- **Data below**:
=== Begin Enclosure ===
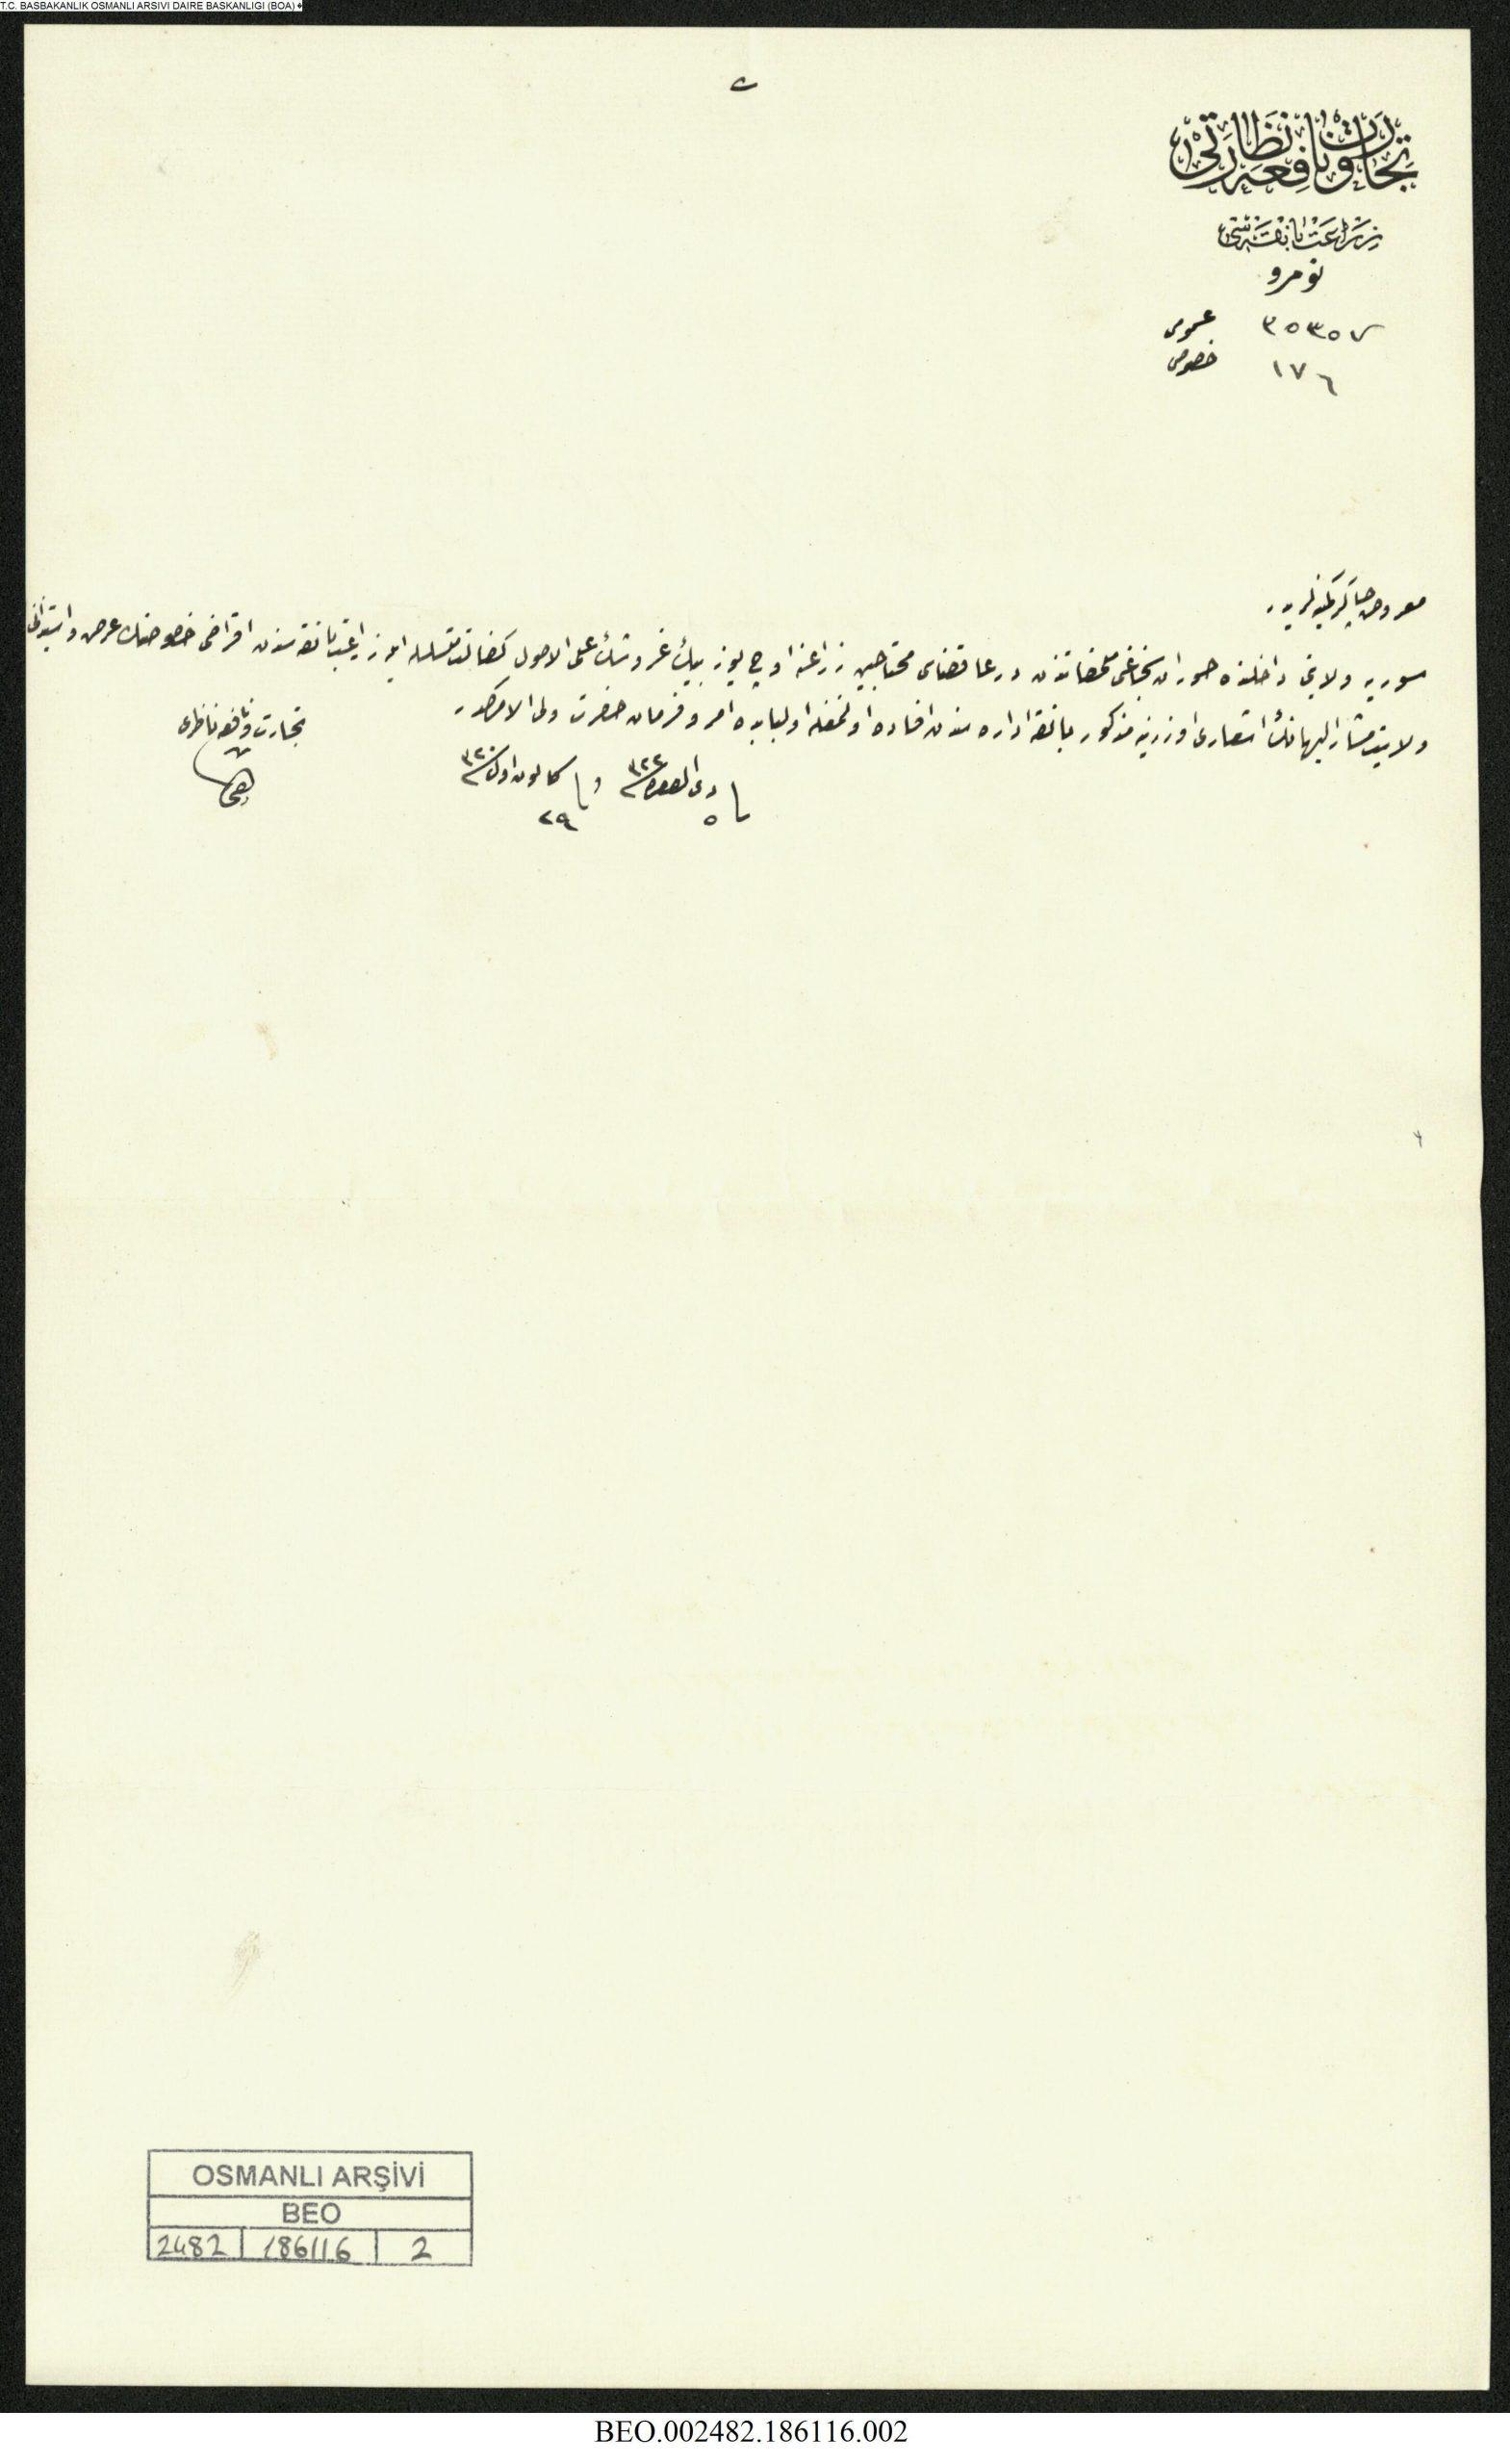 من الأرشيف العثماني 1905- إقراض المزارعين في درعا 300 ألف قرش عثماني من البنك الزراعي
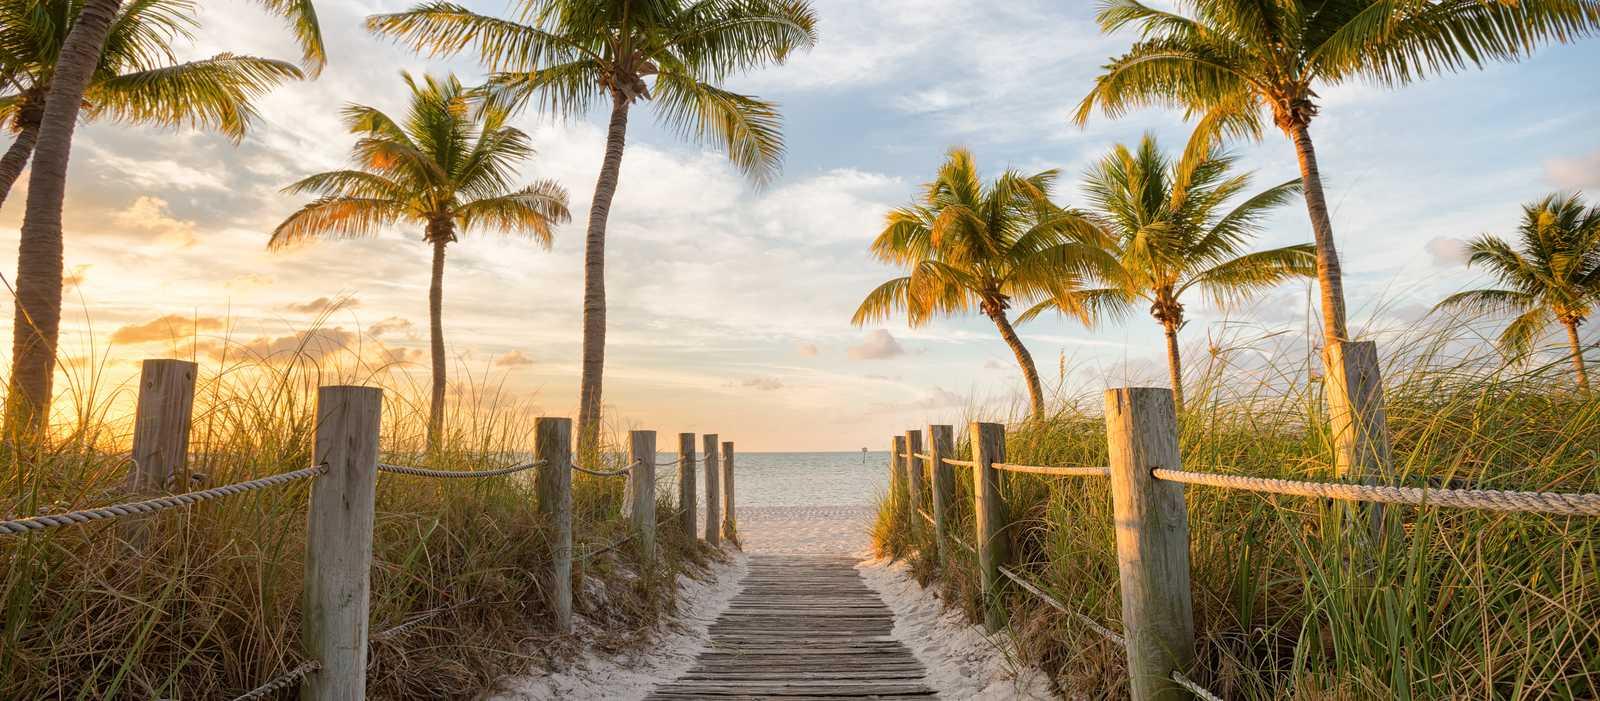 Ein Fußweg zum Smathers Beach bei Sonnenaufgang in Key West, Florida
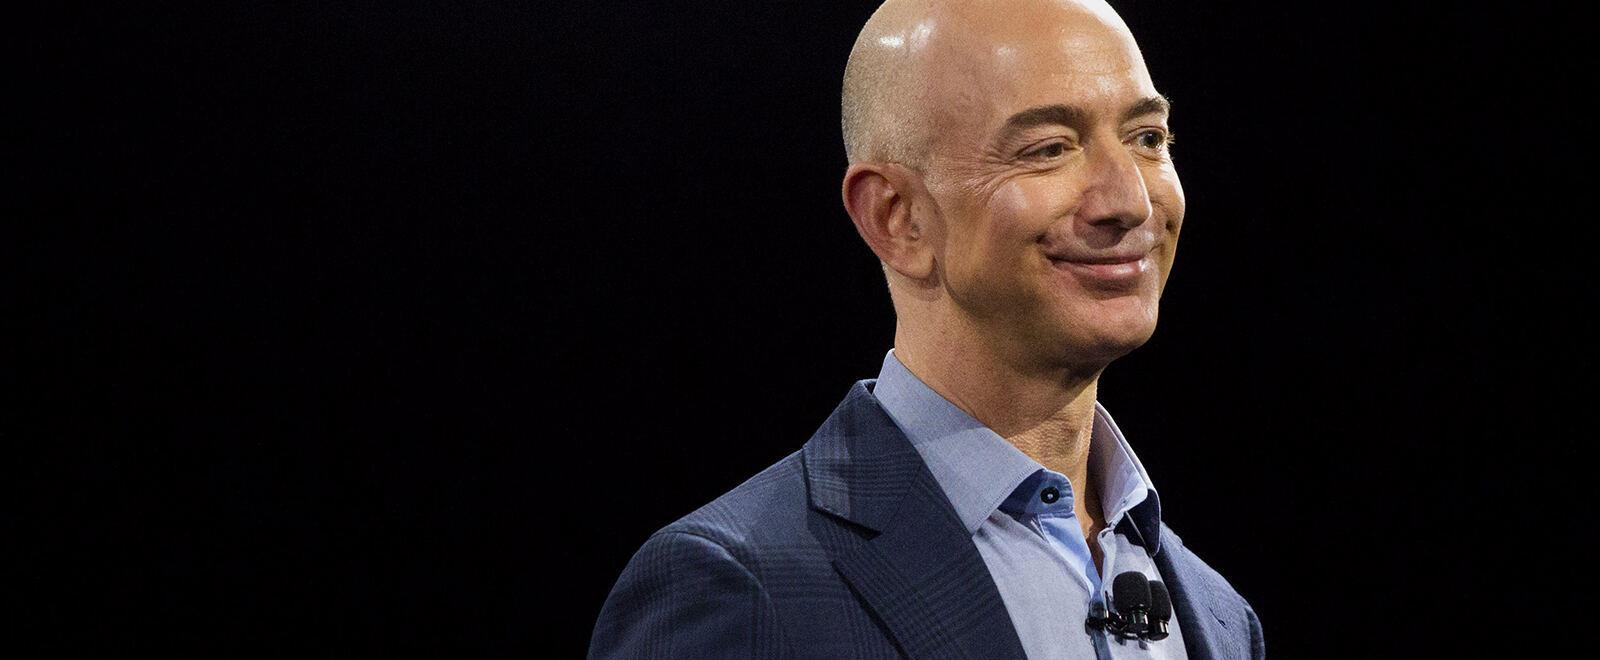 Dossier Jeff Bezos - chi e' il papa'..
=== End Enclosure ===
- **Problem requirements**:
Return the material in full and unaltered, minus its pictures.

- **Answer for the task**:
 من الأرشيف العثماني 1905- إقراض المزارعين في درعا 300 ألف قرش عثماني من البنك الزراعي
 Ein Fußweg zum Smathers Beach bei Sonnenaufgang in Key West, Florida
 Dossier Jeff Bezos - chi e' il papa'..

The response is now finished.